The main positive prognostic factors include the promptness of surgical intervention, the ability to perform a durable mitral valve repair, the absence of complex associated cardiac pathologies, and optimal multidisciplinary postoperative management.
Complications of tendinous chord agenesis may arise both in the natural course of untreated disease and as undesired outcomes of corrective surgery. Their incidence and severity are closely related to the timeliness of diagnosis, the severity of the initial clinical presentation, and the technical quality of the surgical repair performed.

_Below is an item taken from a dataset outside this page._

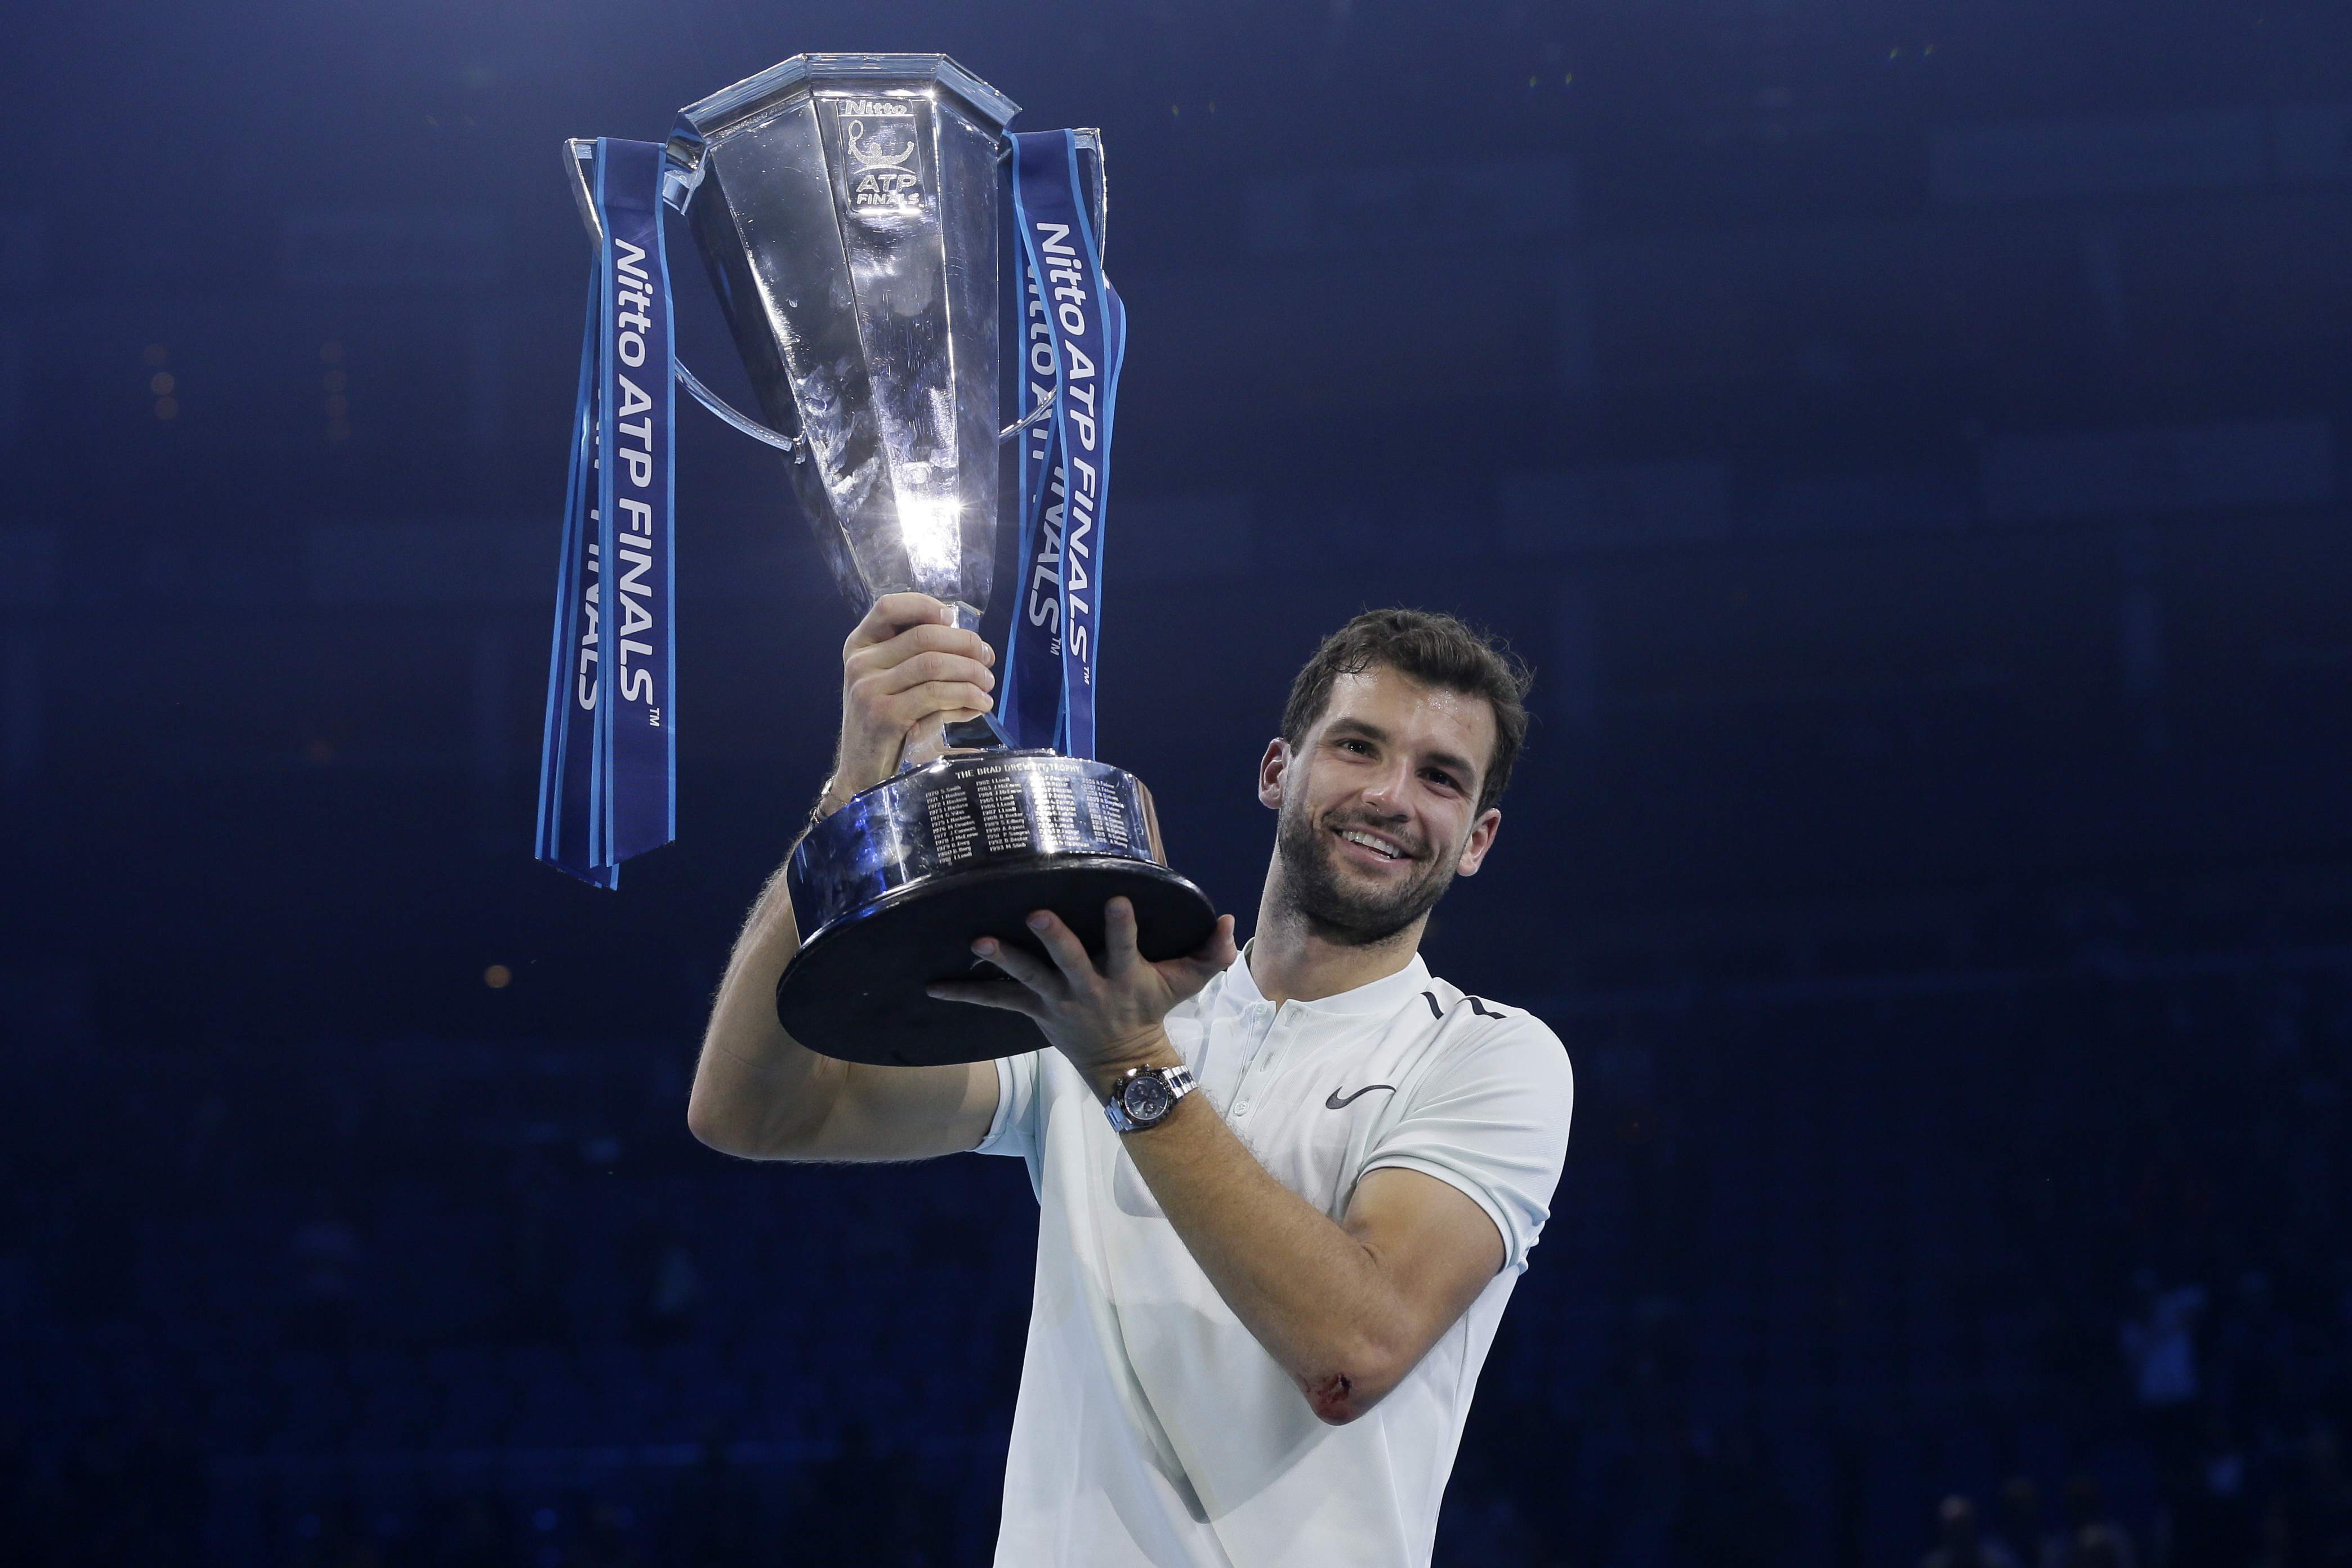 Bulgaria’s Dimitrov Wins ATP Finals in Absence of Stars Financial Tribune

Without treatment, the main and inevitable complication is the rapid progression of congestive heart failure. Chronic volume overload of the left cardiac chambers induces increasingly marked atrial and ventricular dilation, with progressive worsening of left ventricular function and development of refractory heart failure. Associated with this deterioration is the frequent onset of post-capillary pulmonary hypertension, initially reversible but which can become chronic over time, causing irreversible pulmonary vascular damage.
Left atrial dilation also represents an important anatomical substrate for the development of supraventricular arrhythmias, particularly atrial fibrillation and atrial flutter. These arrhythmias can further complicate the clinical picture with thromboembolic events, requiring dedicated pharmacological or interventional management.
Surgical complications are generally rare in specialized centers but may include:
In very rare cases, thromboembolic complications may occur, particularly in patients with persistent atrial fibrillation or significant residual atrial dilation, thus requiring careful management of postoperative anticoagulant or antiplatelet therapy.
In the long term, a peculiar problem in the pediatric population is the need for reoperation related to somatic growth. As cardiac dimensions and body size increase, implanted artificial chords may lose their optimal tension, requiring further surgical adjustment to maintain satisfactory mitral valve function.
The best strategy to minimize complications consists of early diagnosis of the malformation, careful surgical planning, and strict clinical and echocardiographic follow-up. When these conditions are met, the incidence of severe complications is extremely low, ensuring a favorable prognosis and good long-term quality of life.